Fossilised remains indicate that frogs of the genus Pelophylax were already widespread across Europe during the Early Oligocene, as specimens dating back to this period have been found in France, Germany and Romania, suggesting that the ancestors of the marsh frog arrived to the continent over 33.9 million years ago. In particular, a complete skeleton (with the specimen number MAB19654) from the Early Oligocene-aged site of Marnes du Bois d’Asson, France has been noted to closely resemble the marsh frog, though it has not been formally assigned to any species. The oldest fossils attributed to the modern marsh frog species itself originate from Nurnus, Armenia and date back to the Early Pliocene. These have been reported under the name Pelophylax cf. ridibundus and suggest that the species already existed between 5.3 and 3.6 million years ago, with additional fossils reported under this name having been found at other Pliocene and Pleistocene-aged sites in Armenia.

== Description ==
The marsh frog is the largest type of frog in most of its range, capable of reaching a snout–vent length of up to 15 cm. Females typically grow slightly larger than males, and anthropogenic activity can also affect the size of individuals in a population; for example, commercial harvesting likely caused average body sizes in a Turkish population to decrease between 1999 and 2008. The skin of a marsh frog is relatively rough as it bears warts and ridges, and forms distinctive folds on the sides of its back.
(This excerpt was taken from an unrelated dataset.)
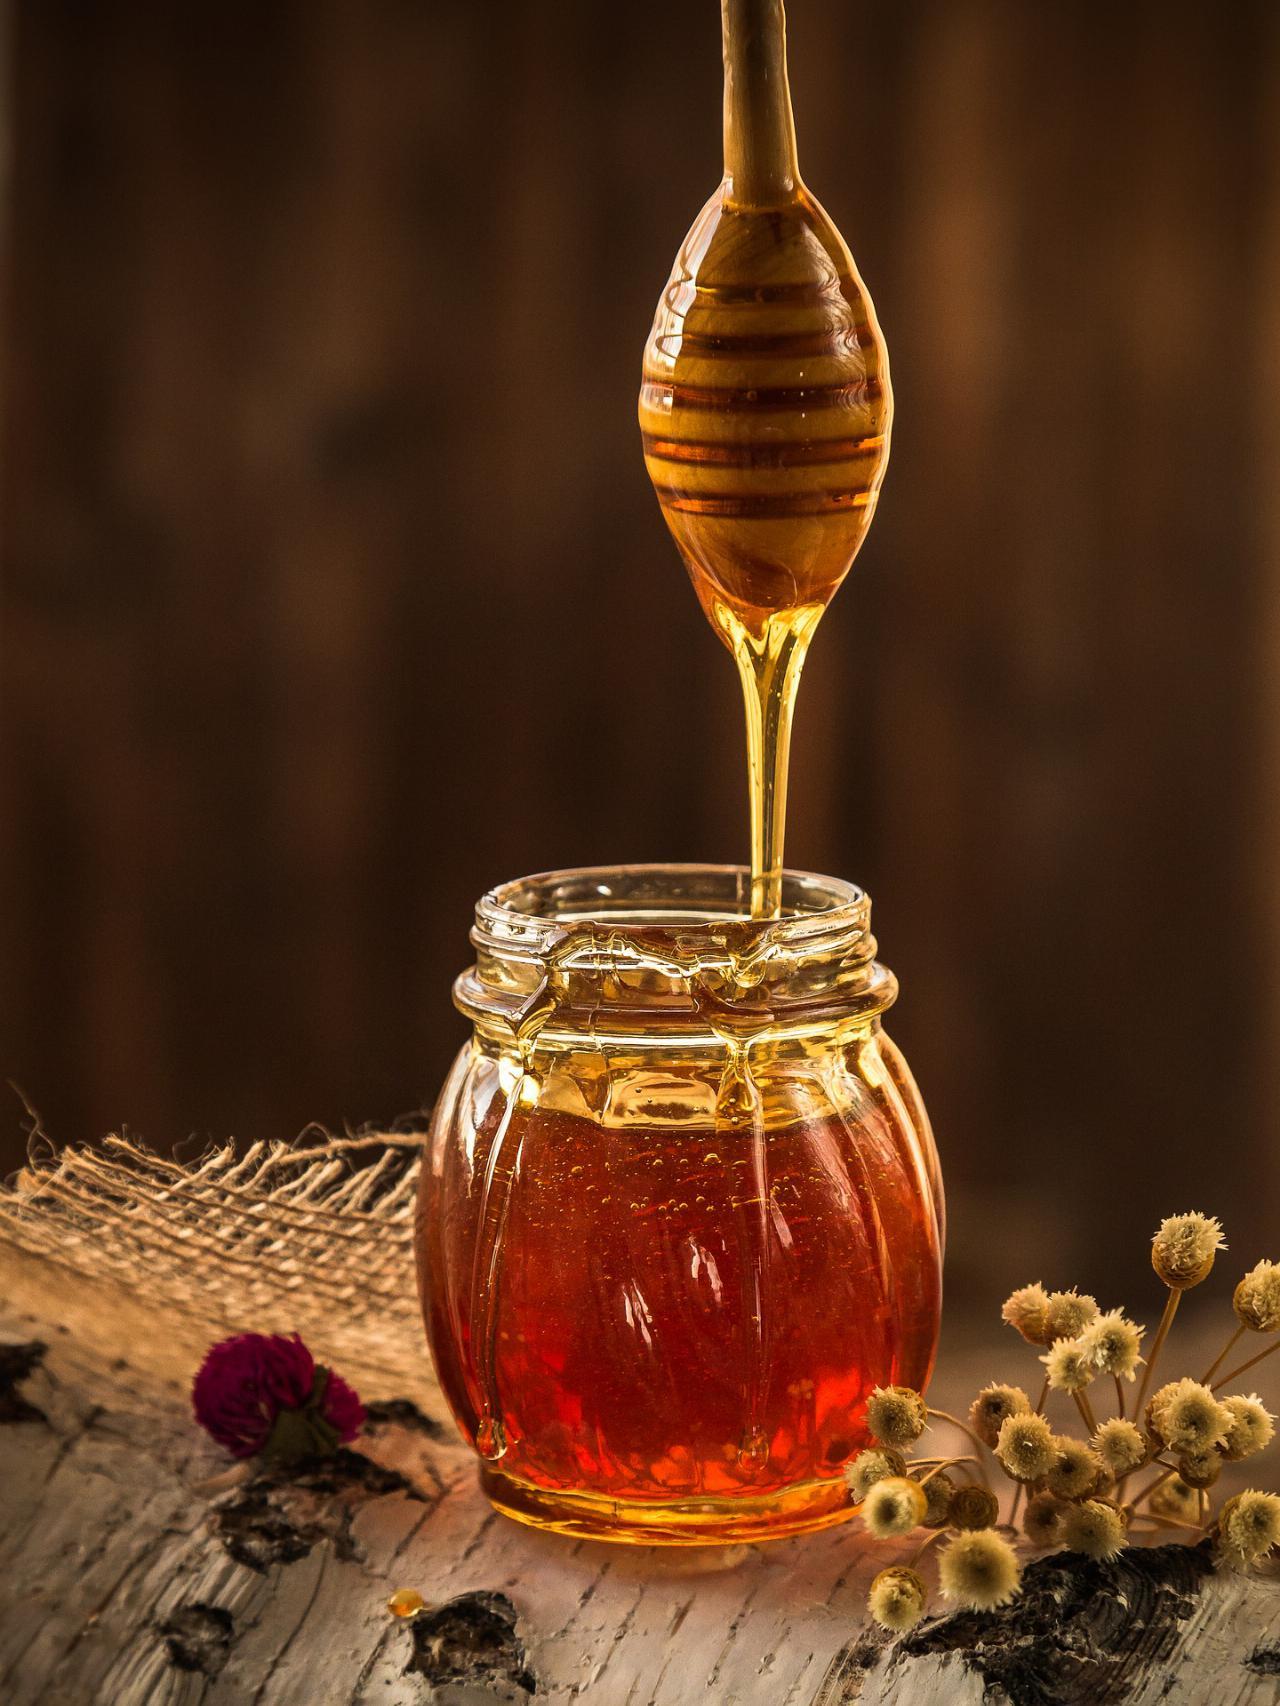 honey-1958464_1920_resized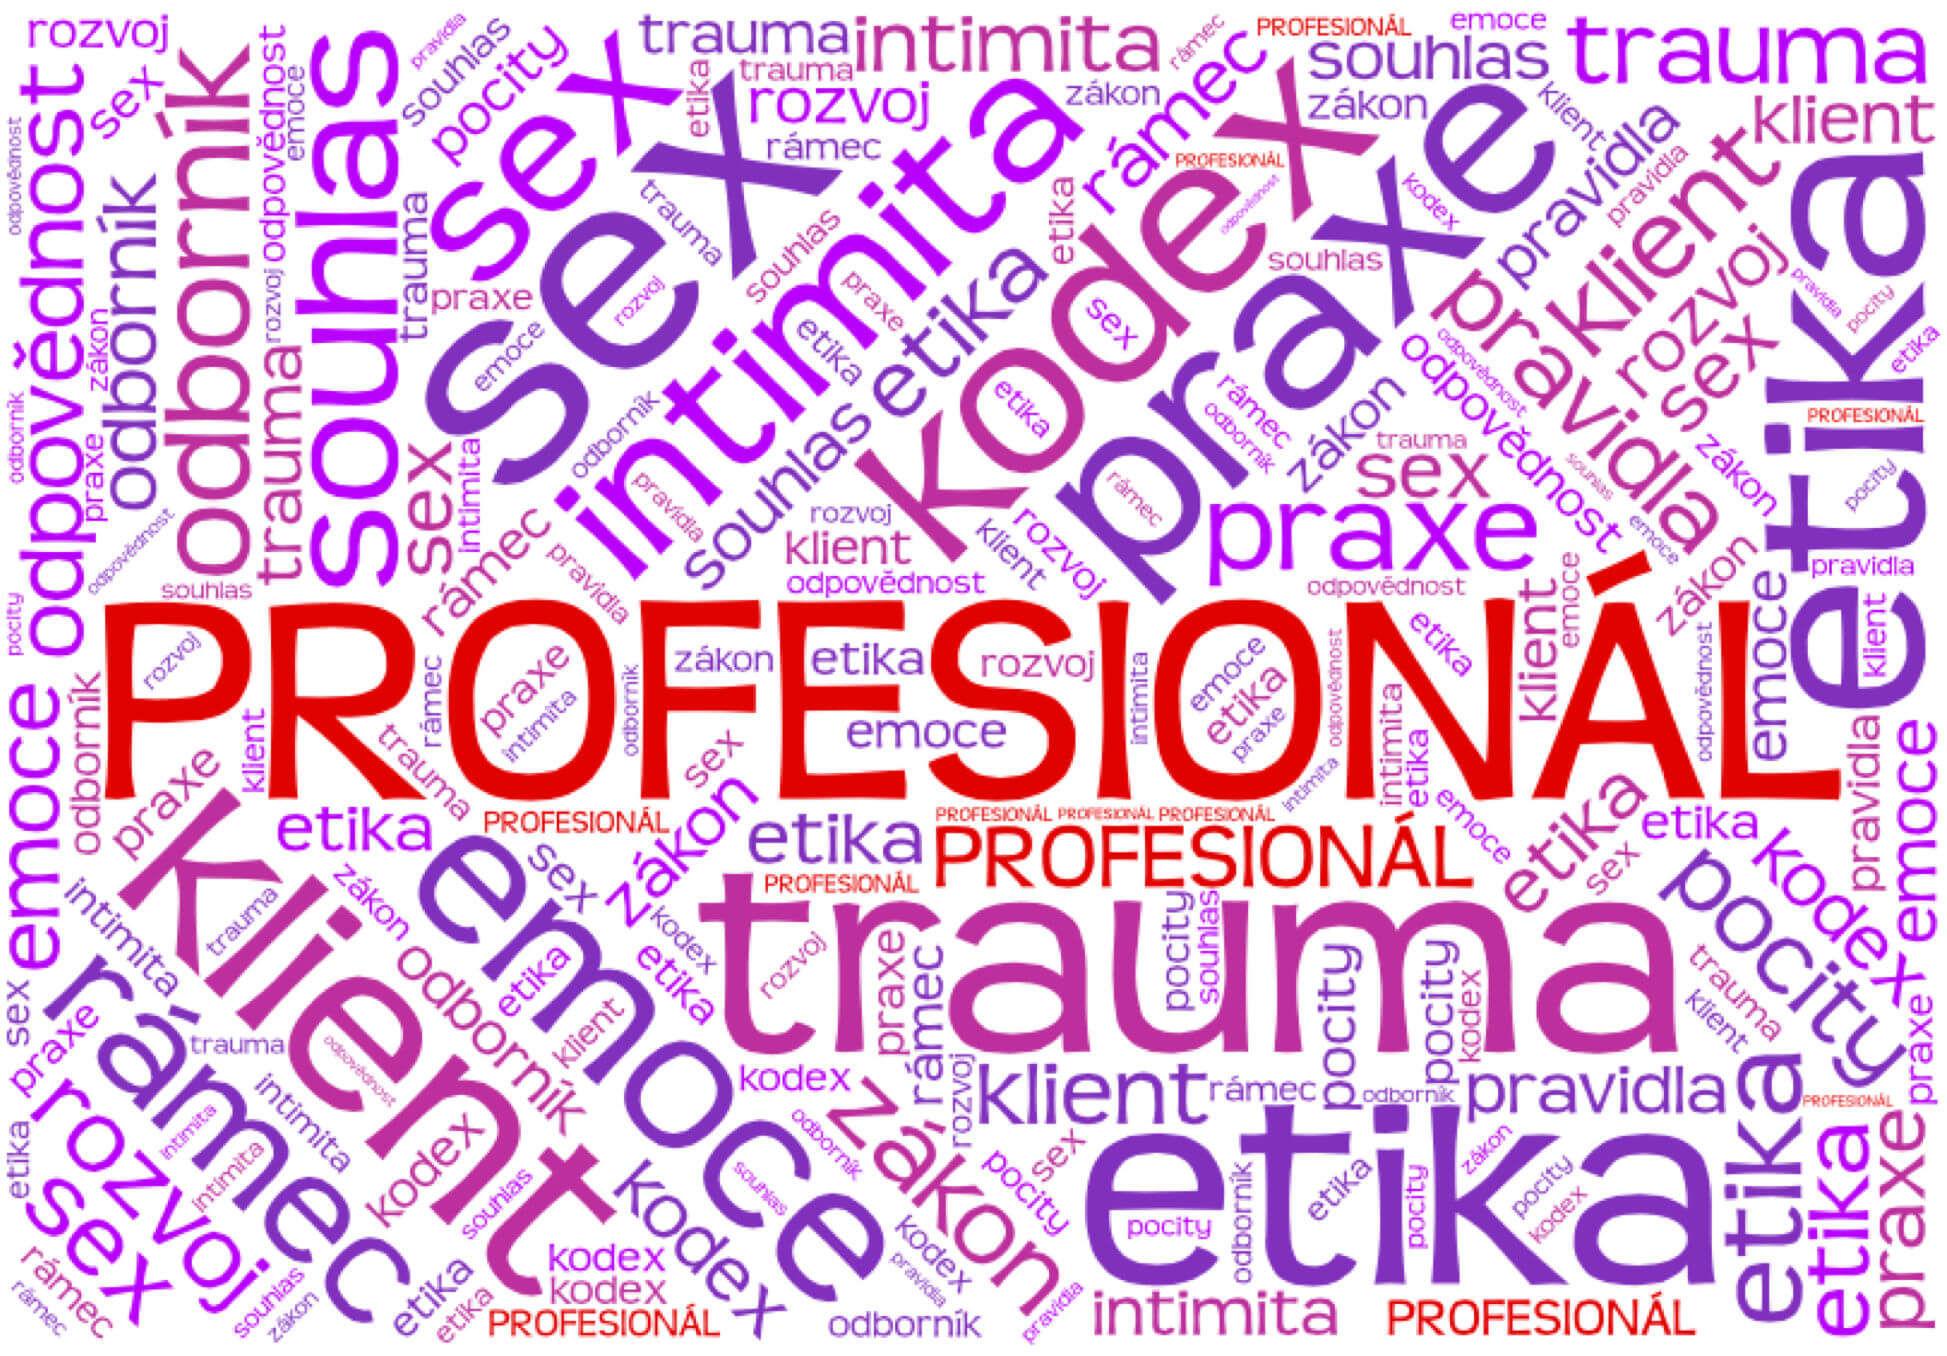 intimní splynutí, kurz pro odborníky, kurz pro profesionály, profesní etika, etika při práci s lidmi

There is a large variation in colour and pattern, ranging from dark green or even black to lighter green, brown or grey, often with a bright green line running down the back. Dark roundish or square patterns are typically present (but sometimes absent) on the back and sides, which may be dense or scant, and the legs usually have barred patterning of a similar colour. The arms and legs can be partly brown, while the thighs and underside are usually white or cream, but may also be yellow or green. Dense black or grey spots are typically present on the underside of the lower body. Adult males have a pair of vocal sacs, one under each tympanum, which are often folded internally but inflate and become visible during vocalisation. These sacs are usually dark grey or black, a feature often distinguishing the marsh frog from the edible frog (which has lighter grey vocal sacs) and the pool frog (which has white vocal sacs). However, the vocal sacs of some marsh frogs are known to be exceptionally pale.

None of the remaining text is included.